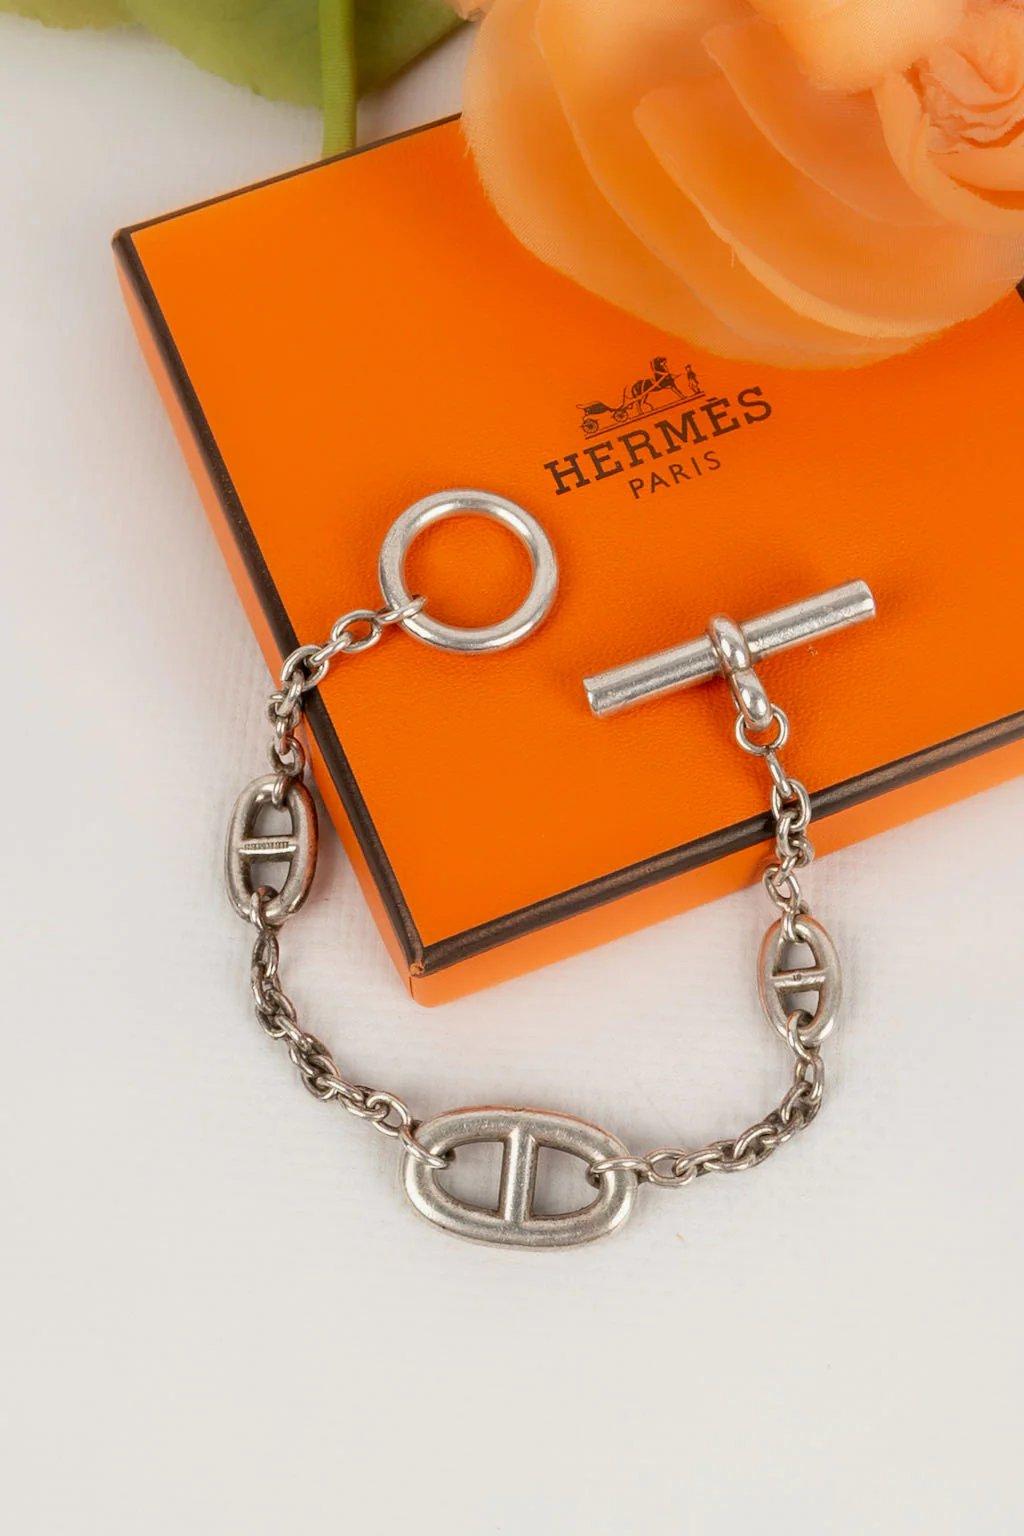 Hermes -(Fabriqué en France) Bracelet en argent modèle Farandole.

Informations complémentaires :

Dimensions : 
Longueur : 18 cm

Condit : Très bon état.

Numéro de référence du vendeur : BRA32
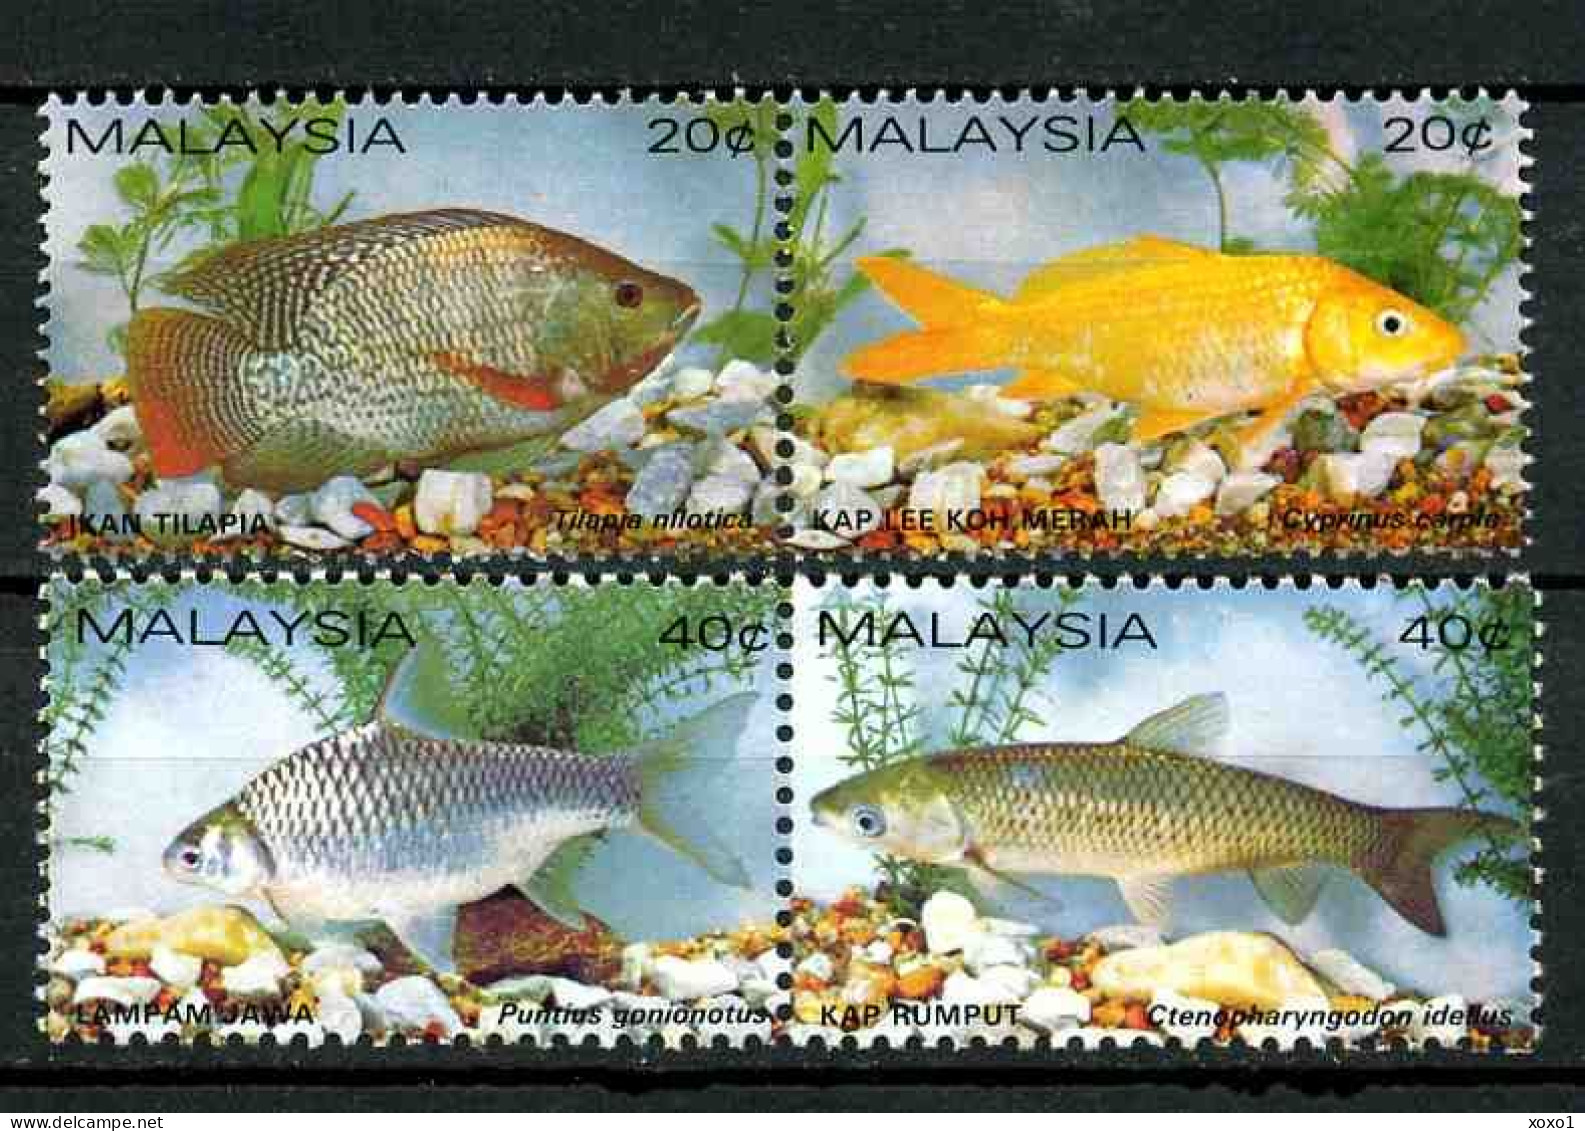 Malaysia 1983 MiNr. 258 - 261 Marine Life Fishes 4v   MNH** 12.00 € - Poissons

...

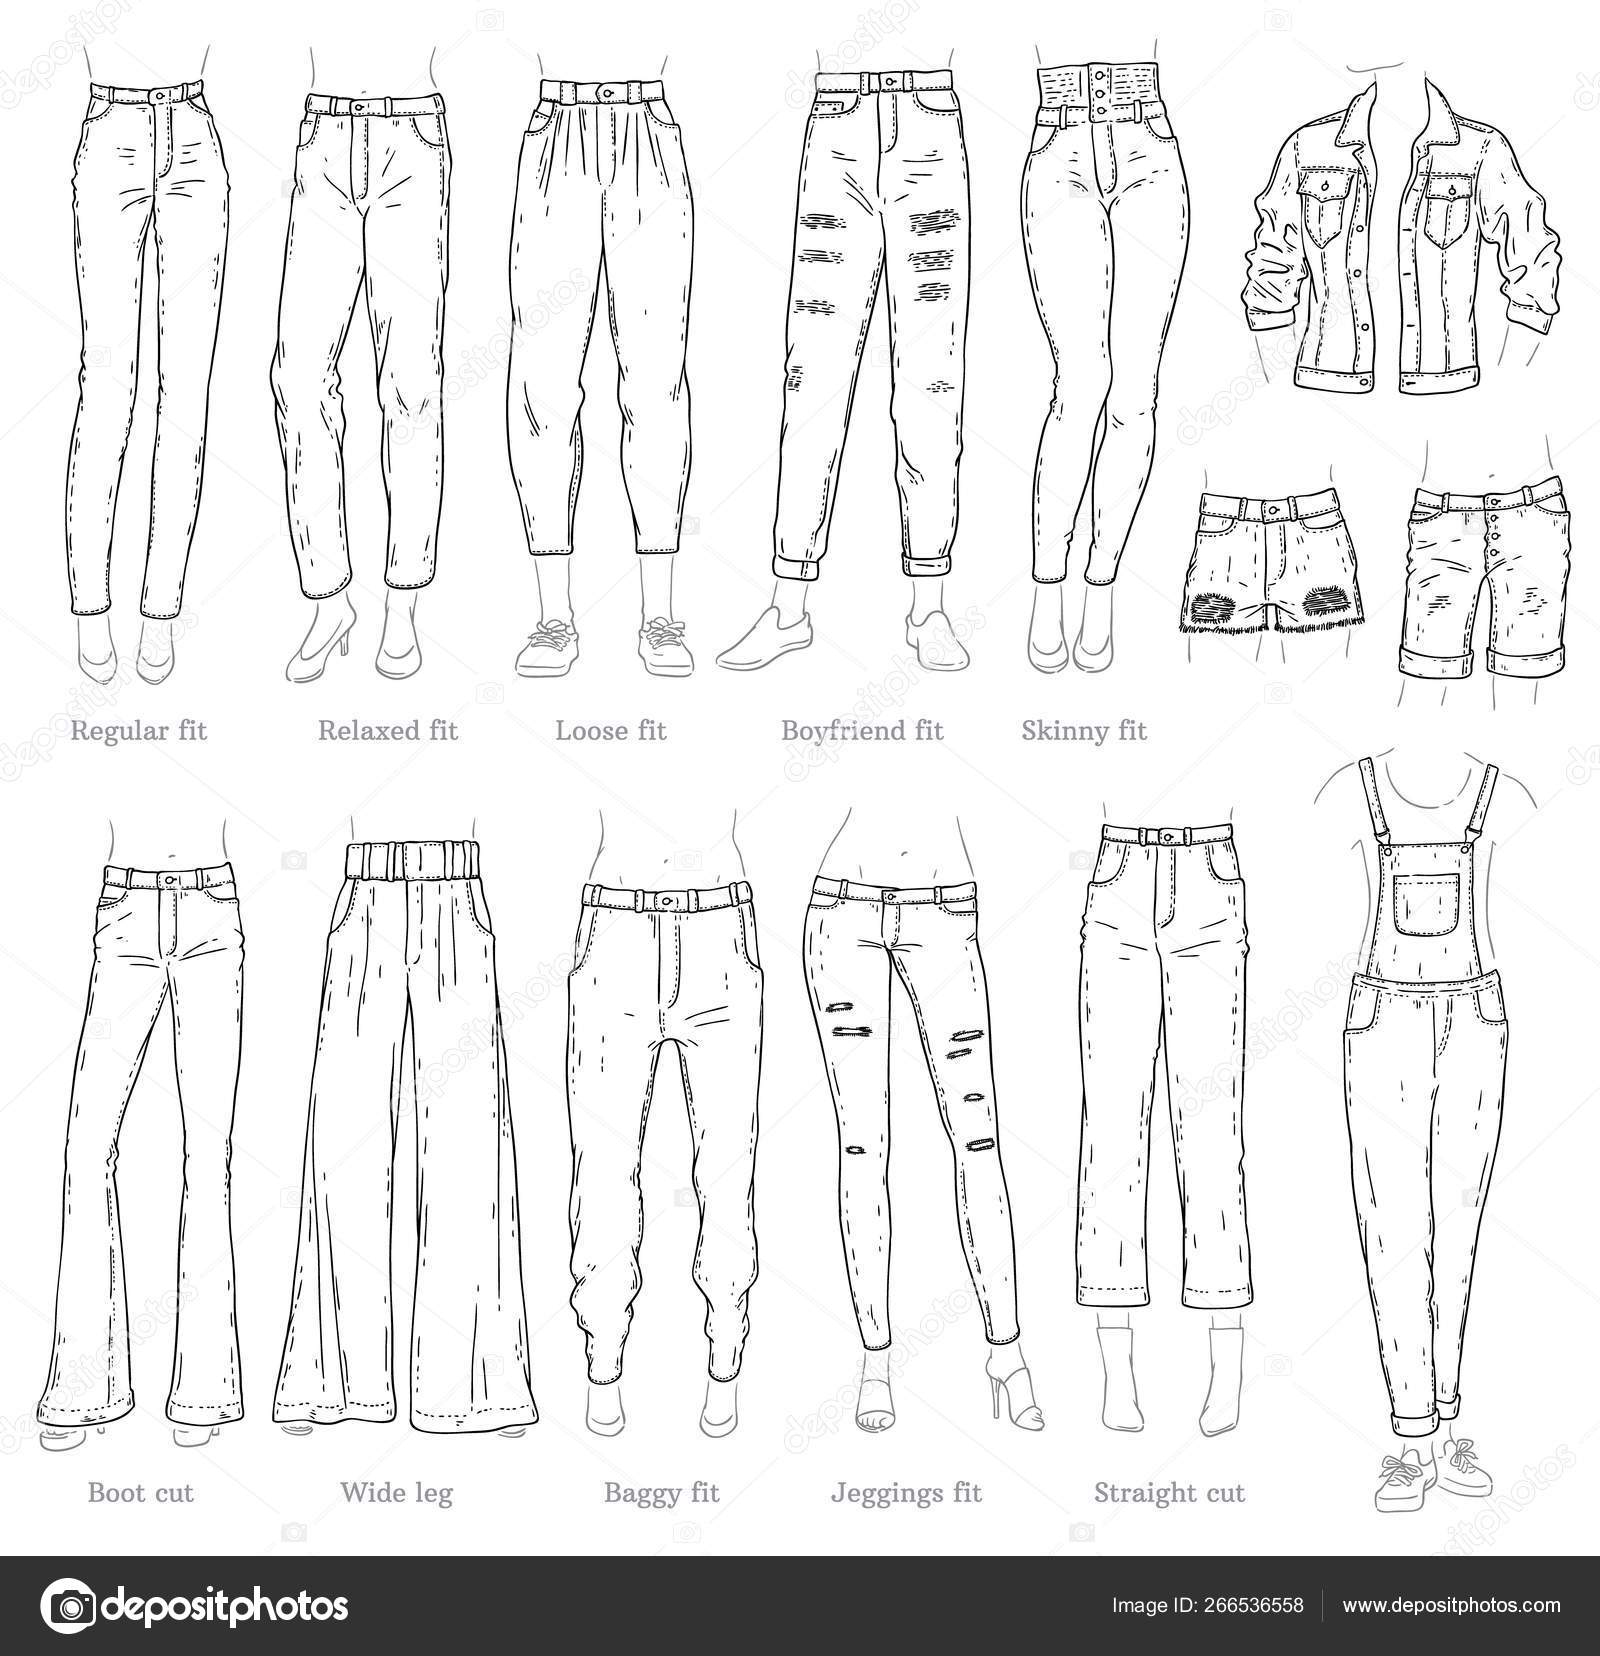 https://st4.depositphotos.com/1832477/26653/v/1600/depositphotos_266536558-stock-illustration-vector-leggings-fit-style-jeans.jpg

> _Task requirements_
From the records above, write out exactly the lines that begin at the line with "Hermes -(Fabriqué en" and end at the line with "Malaysia 1983 MiNr.". Pictures must not appear in the output.

> _Task solution_
 Hermes -(Fabriqué en France) Bracelet en argent modèle Farandole.

Informations complémentaires :

Dimensions : 
Longueur : 18 cm

Condit : Très bon état.

Numéro de référence du vendeur : BRA32
 Malaysia 1983 MiNr. 258 - 261 Marine Life Fishes 4v   MNH** 12.00 € - Poissons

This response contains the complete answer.